Yellowknife’s lakefront avenue is named for a school that was located in one of its scenic draws from 1940 to 1947. The first provisional school was established in Old Town in 1939 in a tiny log cabin. As the population of children increased there was dire need for a bigger and better school. Representatives from Con and Negus Mines asked for a location that was convenient to both the settlement and the mining camps along Yellowknife Bay. A site was chosen halfway between, in a draw that today houses the city’s water supply pump house. The two-room school opened in November 1940 with 45 pupils and two teachers.

Originally there was no road to the school. Only in the winter could a taxi car operate to safely transport children across the lake ice. In the summers, they scrambled across the rocky shores to attend class. The first road connecting school to town and the mines over Tin Can Hill was built in 1943. The draw was a great place to make a home and many small houses were built even though the land was unsurveyed.
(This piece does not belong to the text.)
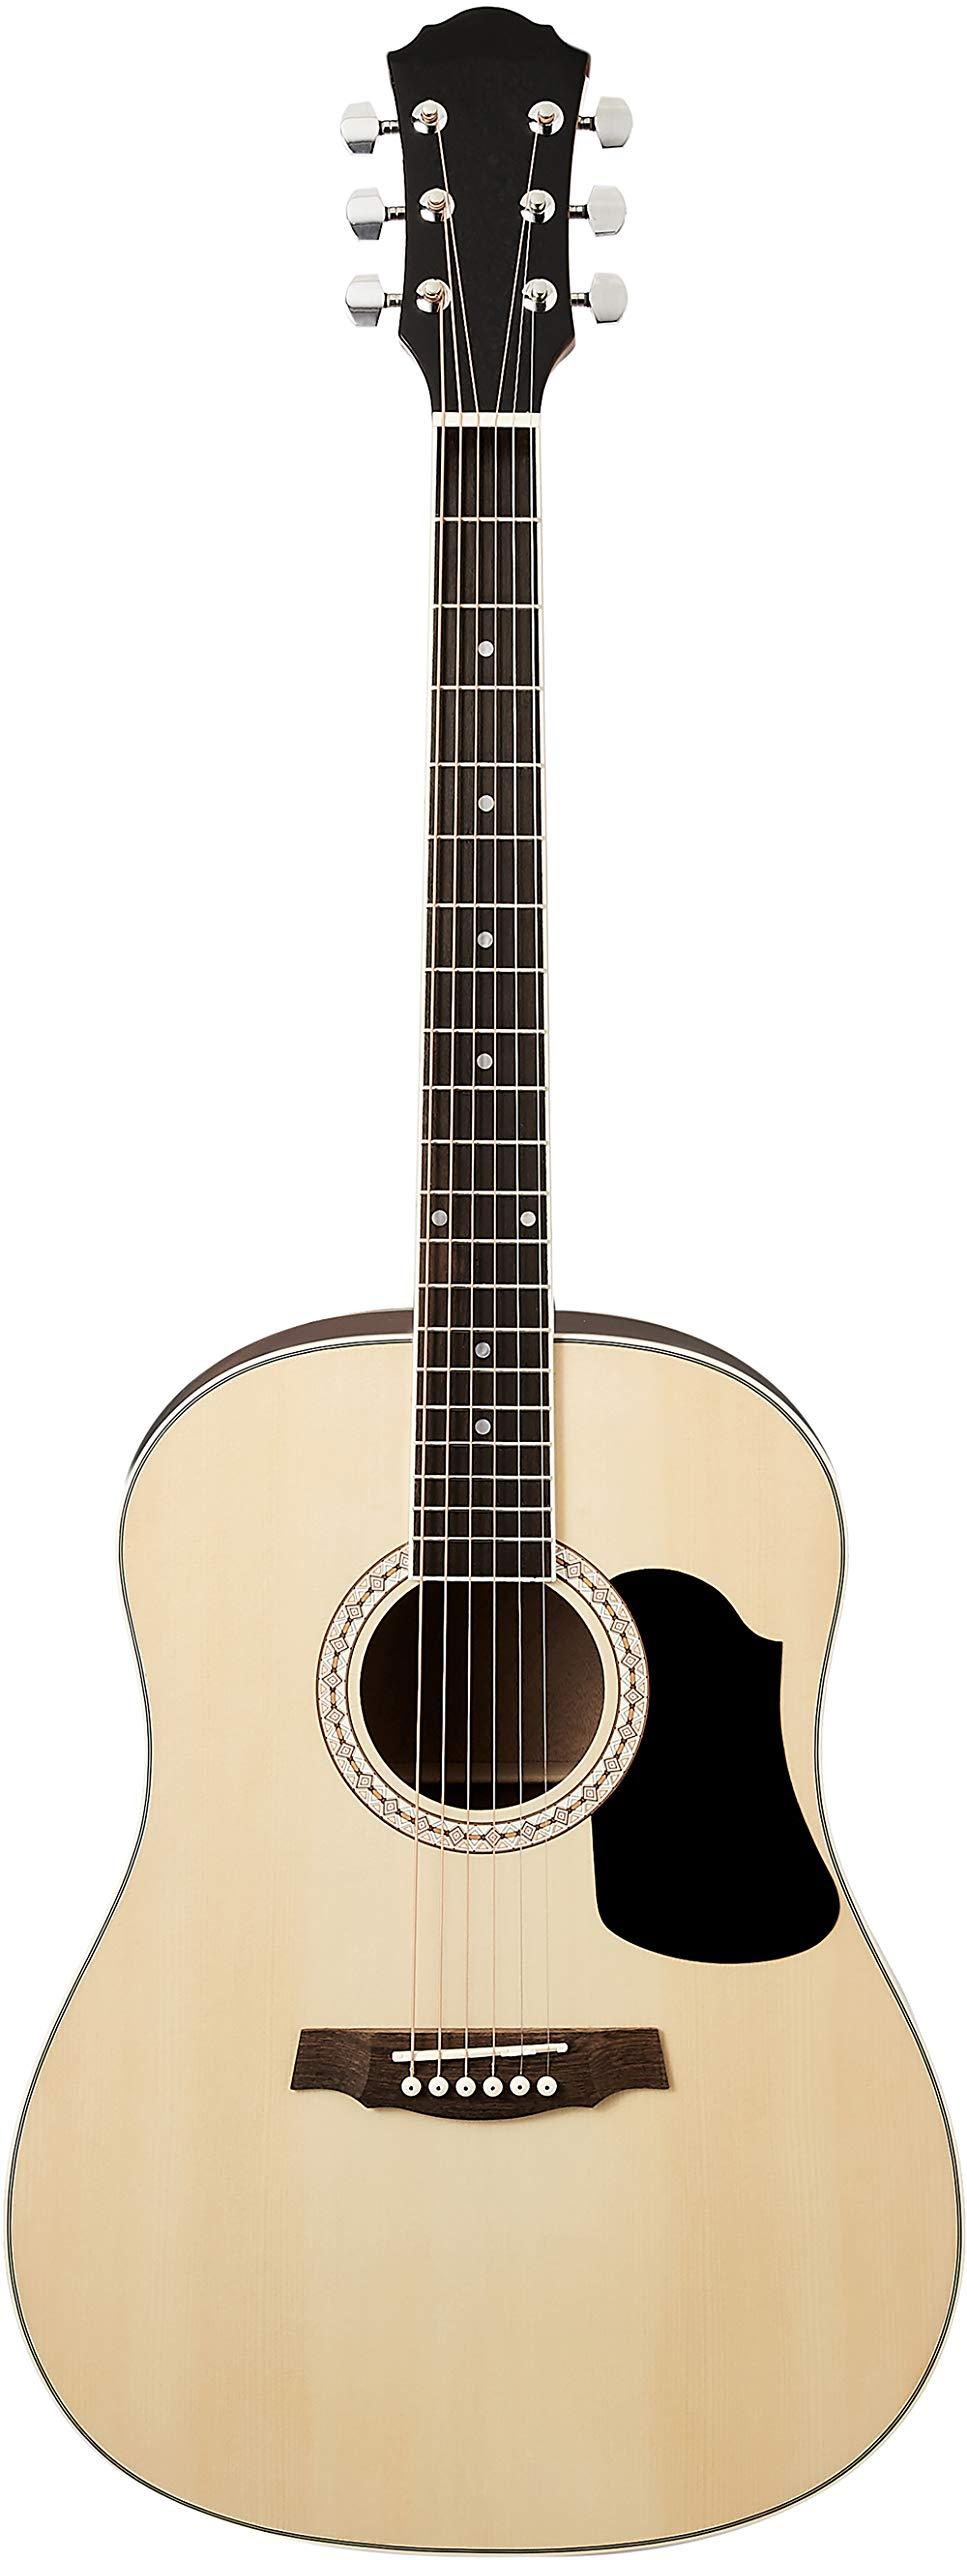 AmazonBasics Beginner Acoustic Guitar Strings

In 1968, to accommodate the influx of government families, the School Draw subdivision we see today was built.

Our Mining Legacy 
Somba K’e Drill Display

Since the beginnings of Yellowknife, mining has been the backbone of the local economy. In 1934, Johnny Baker and Hugh Muir discovered gold on the shore of Yellowknife Bay, setting off a staking rush and the birth of the community. Con Mine produced gold from 1938-2003, Negus Mine from 1939-1952, and Giant Mine from 1948-2004. 

For many years starting in 1946, residents would gather at this park for picnic and games. Kids’ races, snacks, baseball, and special mining competitions were held. The mining contests were a community favourite with the strongest men showing off their underground skills. It was at this rock outcrop where  the jackleg drilling contests were held. You can still see the many collared holes. The jackleg is a type of drill used by miners underground for drilling holes in preparation for blasting the rock. A park bench made from jackleg drills now rests nearby.
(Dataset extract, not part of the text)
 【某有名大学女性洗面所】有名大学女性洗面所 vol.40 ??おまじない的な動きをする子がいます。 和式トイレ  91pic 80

On top of the rock sits a diamond drill rig and tripod as a monument to the mineral exploration industry. This type of drill bores a small hole into rock and pulls up a cross-sectional core sample. The core shows geologist the characteristics of the rock from where the hole was drilled. It is called a diamond drill because the drill’s bits are studded with diamonds which allows it to easily cut through the rock.

The Woodyard
Near entrance of Ragged Ass Road

The historic Woodyard in Willow Flats is one of the longest continuous residential areas of Old Town. From the earliest days, hardy bushmen used these shoreline flats for cutting logs into firewood and milling rough timbers for construction in the burgeoning gold town. Tom Reed, Carl Carlson, and Pete Racine were some of the first woodmen. They relied on horse-drawn sleighs to transport the cordwood to their customers.

Starting in 1946, new firewood lumber merchants ruled the Woodyard – Einer Broten and Hans Hansen. They were Norwegian born and bred, expert hewers of wood and log construction. Einer also operated a freighting business and was a general contractor. He owned the town’s first mechanical grader and built many of the docks on the waterfront. Einer is remembered as a generous and hospitable man who helped others at times when it would make a difference.
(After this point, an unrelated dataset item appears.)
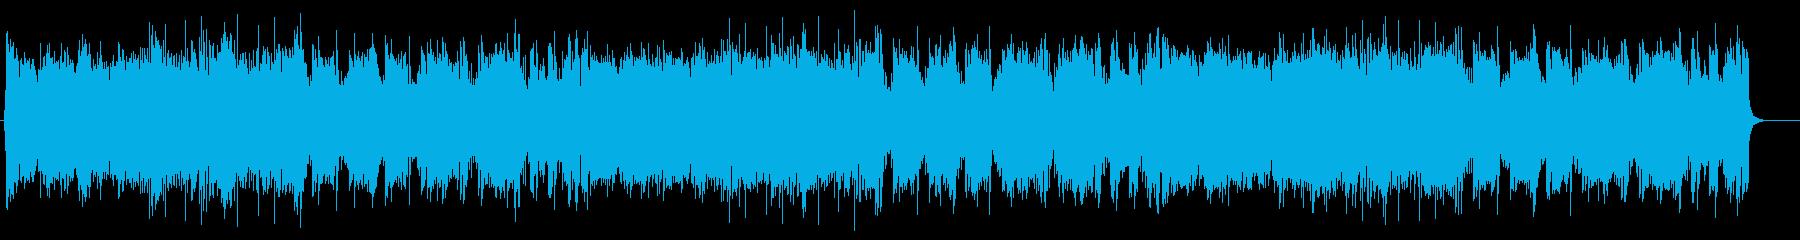 爽快なサウンドのミディアムポップスの再生済みの波形

The Woodyard was not just a place of industry. To lodge the men under their employ, the woodcutters turned huts and cabooses into houses. Broten returned to Norway in 1977 and some were sold to Lou and Dorene Rocher who became stewards of the neighborhood. It has been home to prospectors, hard rocks miners, commercial fishers, trappers, musicians, and people seeking a home with an interesting atmosphere. Even to this day, years after the sawmill fell silent, the livelihoods of colourful personalities make a contribution to the legacy of the Woodyard.

Back Bay Cemetery

Yellowknife’s pioneer graveyard on Back Bay was used from 1938 to 1946, and its role as a burial place for the Dene going back centuries makes this a very sacred place. The first recorded burial here was on September 27, 1938 following the death of Art McIntyre, a young man at Con Mine who had a known fear of working underground. He wandered from his bunkhouse room one evening and it took many days of intense searching before his body was found near Kam Lake. Police confirmed that McIntyre’s death was a suicide.

Over 35 people are buried at this picturesque sandy cove. Some of the markers have disappeared with time erasing evidence of their names and tragic circumstances. People worked hard, lived hard, and sometimes died hard. Newspapers report on unfortunate mining accidents, explosions, fires, drownings, and illnesses that afflicted the community.

Funeral parties of the deceased and mourners arrived from Old Town. A cluster of boats at the beach signaled another death in pioneer Yellowknife. Here is their final resting place. Please meander respectfully through the crosses and take in the tales of the people who called the north home.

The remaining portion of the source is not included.